The following post is written by Kelsie Aguilera, Leeward CC OER Creation Award Winner for 2018
Last semester, I was honored (and thrilled!) to receive the Leeward OER Creation Award (LOERCA). The goal of the LOERCA is to develop original OER materials where none exists or revise and remix existing OER with the addition of original content. I highly recommend applying for one of the many Leeward CC OER Award programs when the application periods open up again this coming spring semester; they are a great way to stay motivated and focused while transitioning to or developing OER.
I was graciously awarded the LOERCA in recognition of the following project I am working on: I, along with a team of three other managing editors, am developing a high-quality, open access biological anthropology textbook with 100% original written content that will be written and peer-reviewed by experts in the field—a project that will be the first of its kind and slated to be ready for use in Fall 2019. This edited book will be available free of charge under a Creative Commons Attribution-Noncommercial 4.0 International License and housed on a website administered by the Society for Anthropology in Community Colleges (SACC), a professional anthropology organization that is part of the American Anthropological Association. In addition, this edited book can be made available on the University of Hawaii Open Educational Resources (OER) Repository and can be uploaded to UH Pressbooks. We finally decided on a title for our book, Explorations: An Open Invitation to Biological Anthropology.
The idea for this projected originated at the 2017 SACC conference in Boise, Idaho. On the bus to an archaeological site, I was chatting with an anthropologist from the California State University system about how great it would be if there were an OER textbook for biological anthropology. After the conference, when we got back home to our respective institutions, rather than just ignore our big idea, we decided to take action and make this textbook a reality. It is so exciting to be where we are now with the project. Over 25 expert authors have submitted chapters for our book, some of whom are big names in anthropology. And dozens more are supporting us as reviewers, illustrators, or designers. We are also fortunate that money will not be a problem for our project; we were quickly awarded the first grant we applied for, a $25,000 Innovation Grant from Minnesota State. If you decide to take on an OER project, no matter at what scale, you might be surprised at the tremendous support you will receive from Leeward CC and your larger communities. For example, receiving the LOERCA was unexpected but much appreciated. As a managing editor and author of this textbook, the Leeward CC OER Award program is supporting the countless hours I have put in to make this textbook for our students.
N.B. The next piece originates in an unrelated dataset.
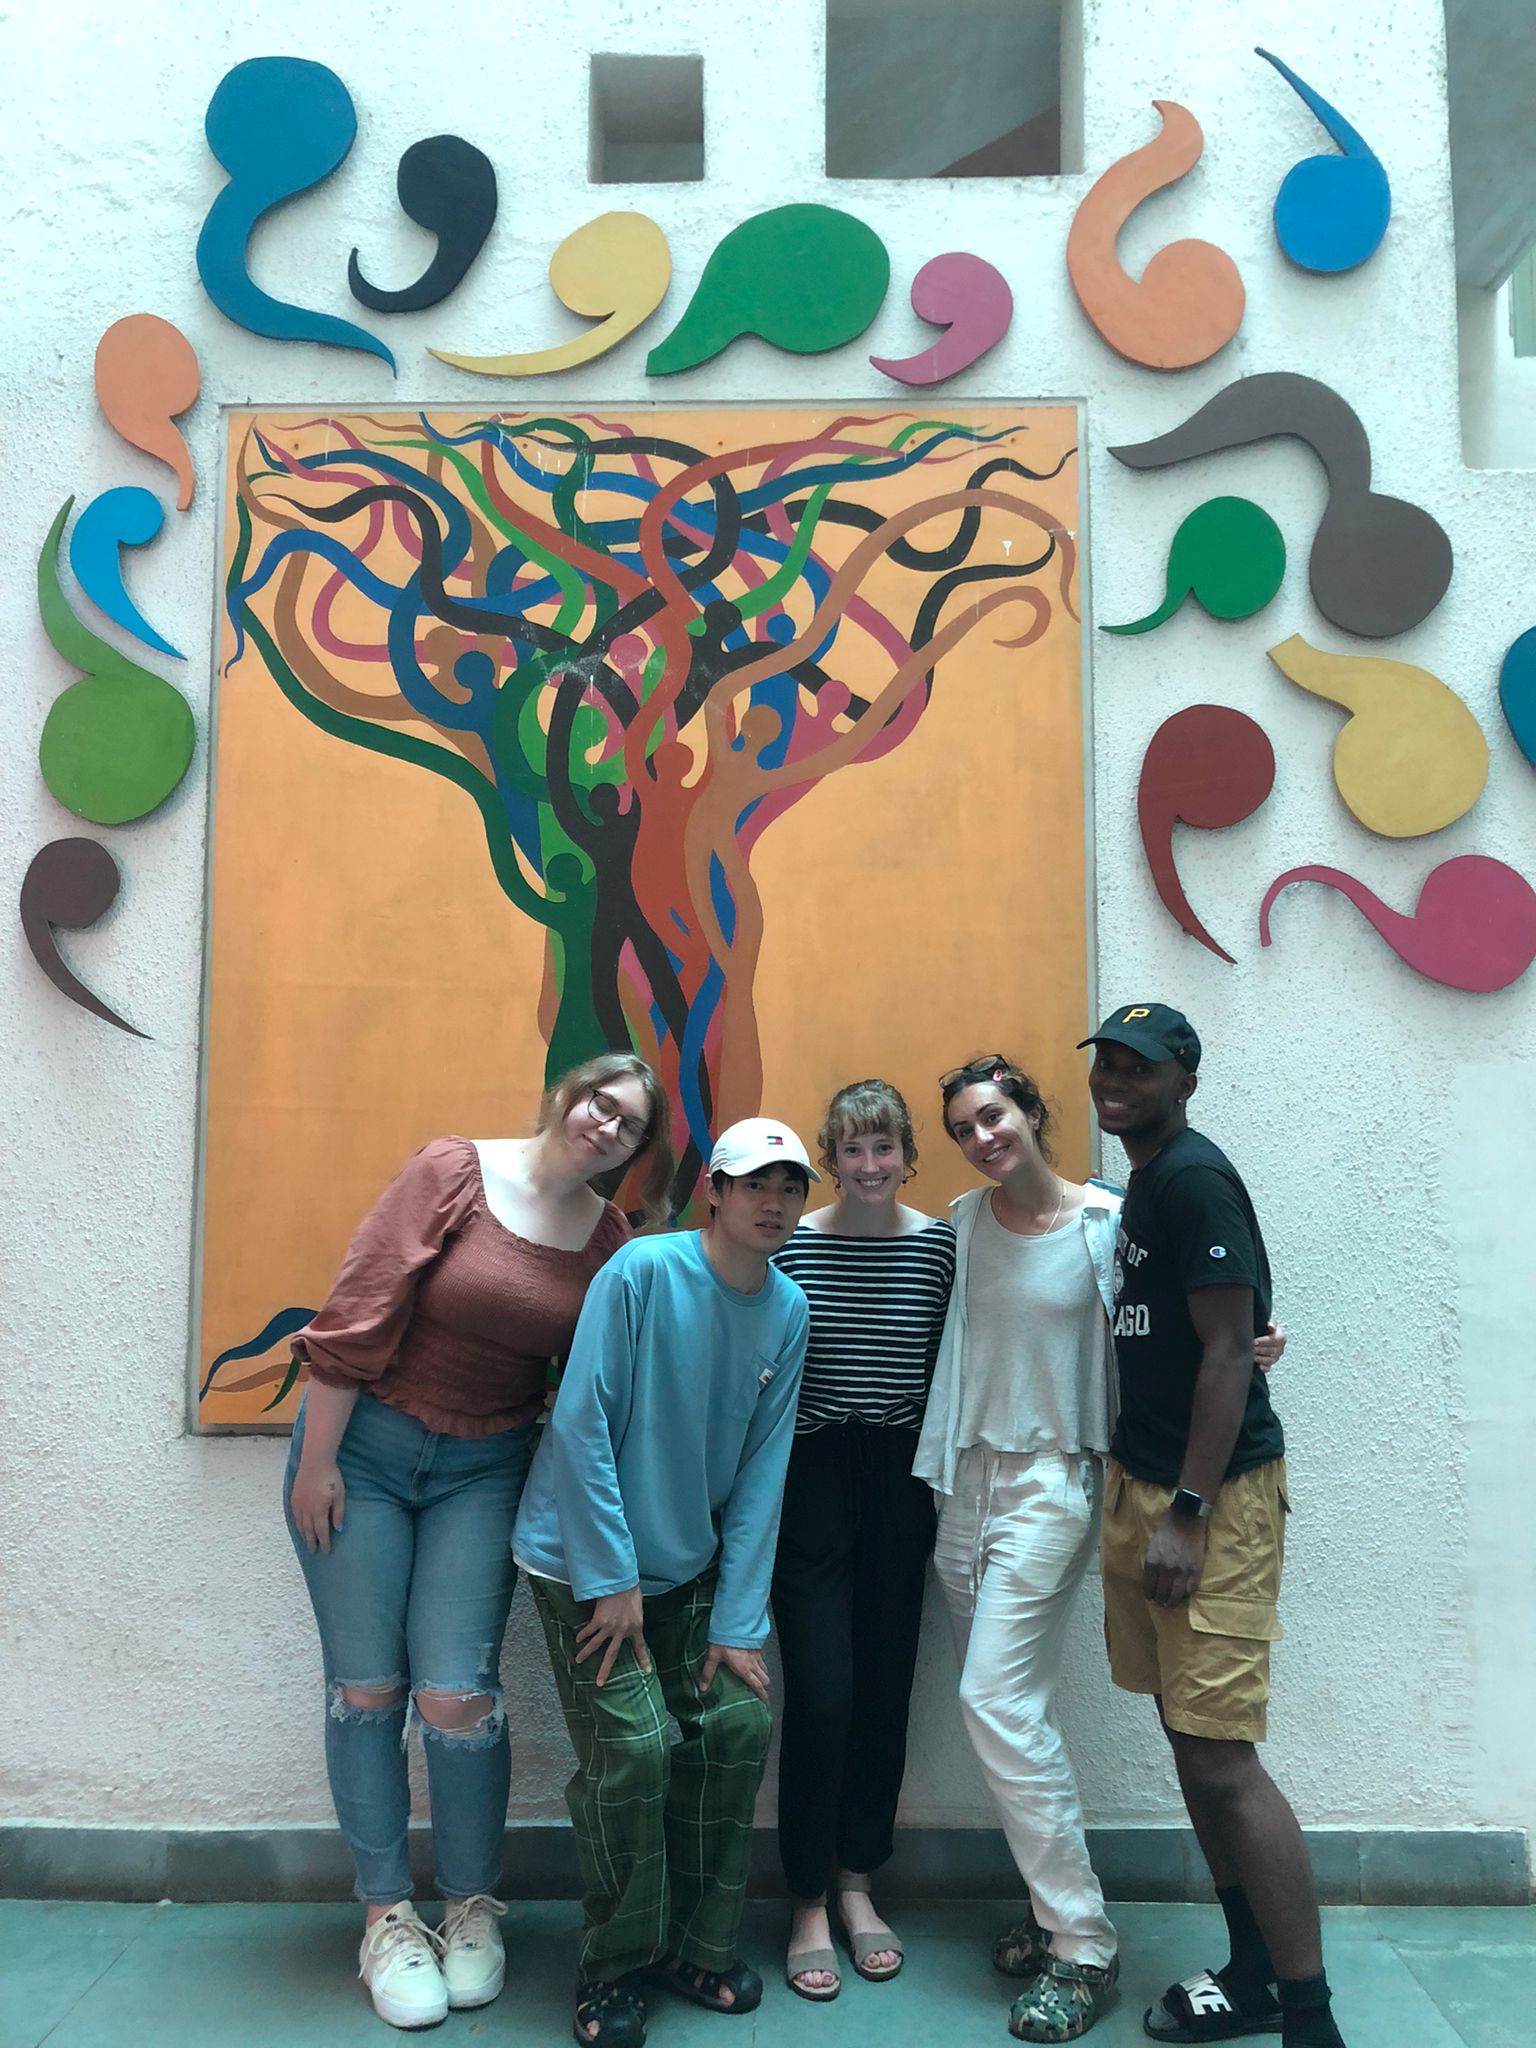 Group of people standing in front of abstract art

Although the cost savings to students is obvious, I want to mention another important contribution that our project will make. In the field of biological anthropology, there are less than a handful of “classic” introductory biological anthropology textbooks, some of which are now in their double-digit edition. While I certainly received a solid education as an undergraduate via one of these “classic” textbooks, in what ways are we limiting the voices that teach by privileging the voices of a select few? How many generations of anthropology students have been taught by the same voices with the same perspectives? Our textbook challenges this model by providing our students with a fresh multiplicity of voices, many of which have been traditionally underrepresented in biological anthropology textbooks. OER democratizes not only who gets to learn but also who gets to teach.
Lastly, a note of encouragement for those who are considering transitioning to or developing OER. The first step is always the most daunting but you don’t have to take that first step alone! There are so many resources at Leeward to assist you along the way. Don’t be shy in reaching out to the Educational Media Center, Library, OER Campus Committee, or me!